Studio album by the Offspring
- Released: December 9, 2003
- Recorded: January–August 2003
- Studios: Henson, Hollywood; D-13 Studio, Huntington Beach; Southern Tracks, Atlanta;
- Genres: Punk rock; pop-punk;
- Length: 32:00
- Label: Columbia
- Producer: Brendan O'Brien;

The Offspring chronology
| Conspiracy of One (2000) | Splinter (2003) | Greatest Hits (2005) |

The Offspring studio chronology
| Conspiracy of One (2000) | Splinter (2003) | Rise and Fall, Rage and Grace (2008) |

Singles from Splinter
- "Hit That" Released: November 19, 2003; "(Can't Get My) Head Around You" Released: April 13, 2004; "Spare Me the Details" Released: September 2004 (Aus and NZ);

= Splinter (The Offspring album) =

Splinter is the seventh studio album by American punk rock band the Offspring, released on December 9, 2003, by Columbia Records. It was the first album the band released without long-time drummer Ron Welty, who was fired three weeks before the recording sessions started.

Although not as successful as the Offspring's previous albums, Splinter received gold certification two months after its release. The album received average reviews, but still sold reasonably well, debuting at number 30 on the US Billboard 200 with around 87,000 copies sold in its first week. "Hit That" and "(Can't Get My) Head Around You" were the only two singles to accompany the album; "Spare Me the Details" was also released as a single, but charted only in New Zealand.

==Production and marketing==
After spending nearly two years supporting the Conspiracy of One album, The Offspring began writing songs for Splinter in late 2002.

The recording sessions for the album lasted from January to August 2003, making it the first time The Offspring had recorded an album for that long (although their next album, 2008's Rise and Fall, Rage and Grace, took more than a year to record).

Three weeks prior to the recording sessions, longtime drummer Ron Welty, who had played on all six of the band's previous albums, was fired from the band and formed his own band, Steady Ground. Welty filed a lawsuit against the band on September 10, 2020 for unpaid royalties, but it was dismissed on March 6, 2023.

Due to the difficulty in finding, or auditioning, for an immediate replacement for Welty on such short notice, the band elected to have session musician Josh Freese play drums on the album; they had met Freese when his band The Vandals was signed by Dexter Holland's label Nitro Records, while Freese also happened to be in town for when they would start recording. Holland noted Freese "did all the drums in just a couple days, and he made it sound like the Offspring, not A Perfect Circle or anything else he does." After the album was finished, Atom Willard was hired to be their new drummer.

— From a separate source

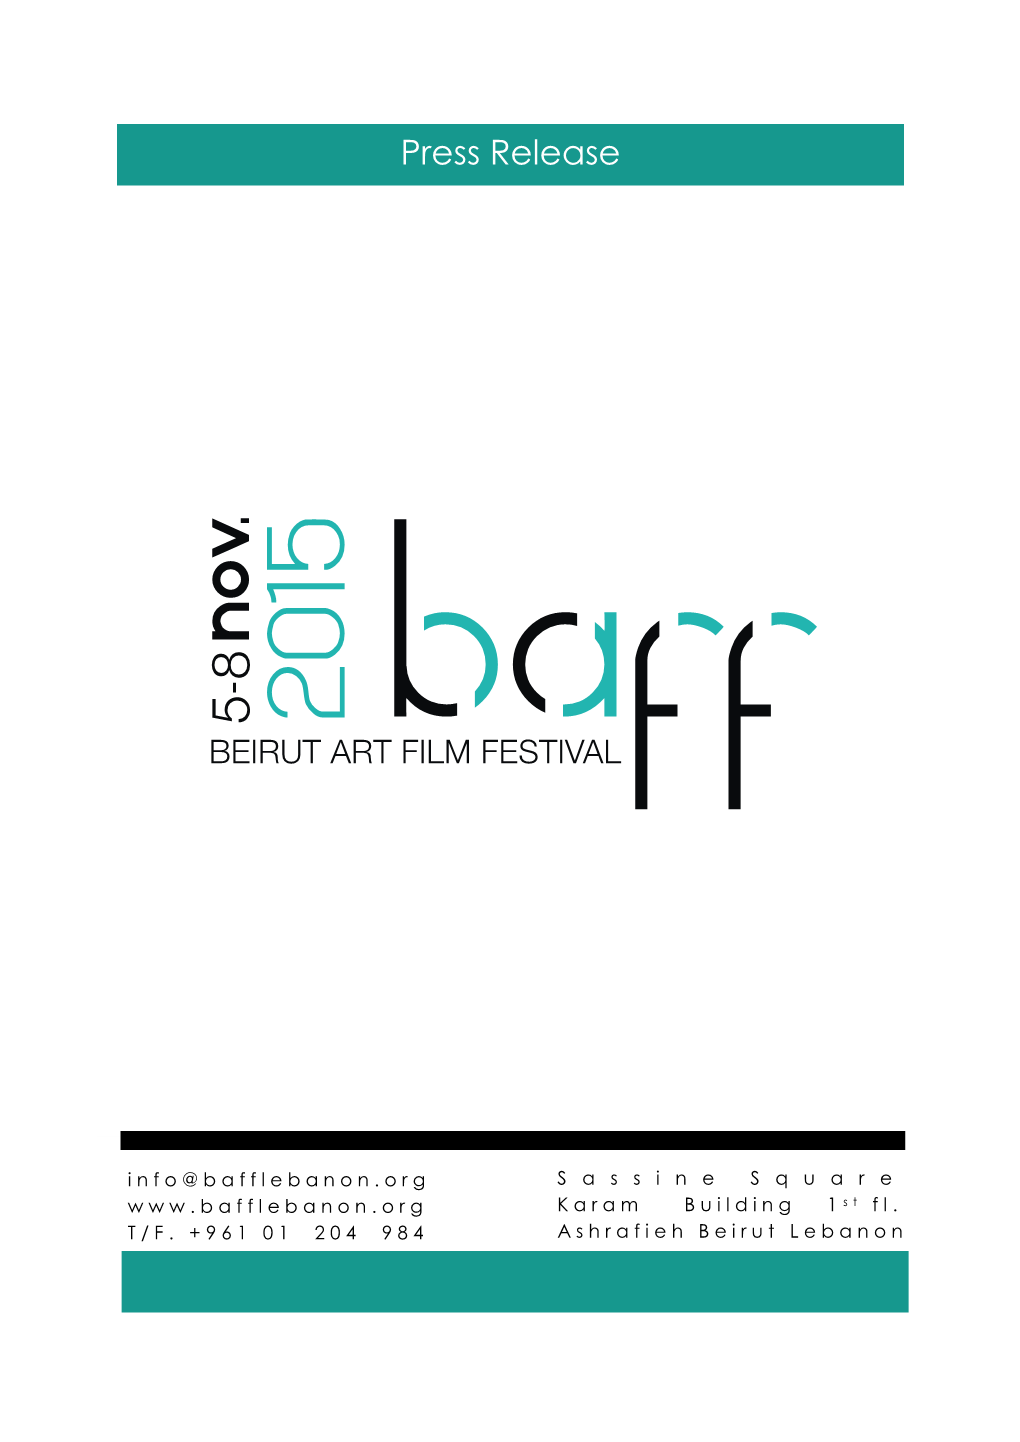 Press Release of the Festival

Splinter offers a variety of lyrical and musical themes, combining their usual punk rock with experiments into ska and electronic sounds, and comedic songs with heavier themes about fear, paranoia, hopelessness and anxiety. Holland said that “Half this record is pretty much fast, melodic, whatever, punk stuff. But you kind of get bored just doing that after a while. I do.", and also that given most groups are "either a happy band or they're dark", he felt only one side did not fully represent him, "so I really wanted to do both in my music." A case of the mixture was lead single "Hit That", with lyrics about promiscuity creating broken families, with funk-inspired keyboards played by Ronnie King. The lyrics of "Spare Me the Details" were inspired by how a friend of Holland did not like being given a detailed account on how his girlfriend cheated on him.

The crowd vocals in the opening track "Neocon" were recorded at Reading Festival in 2002 during the Offspring's set on the festival's main stage.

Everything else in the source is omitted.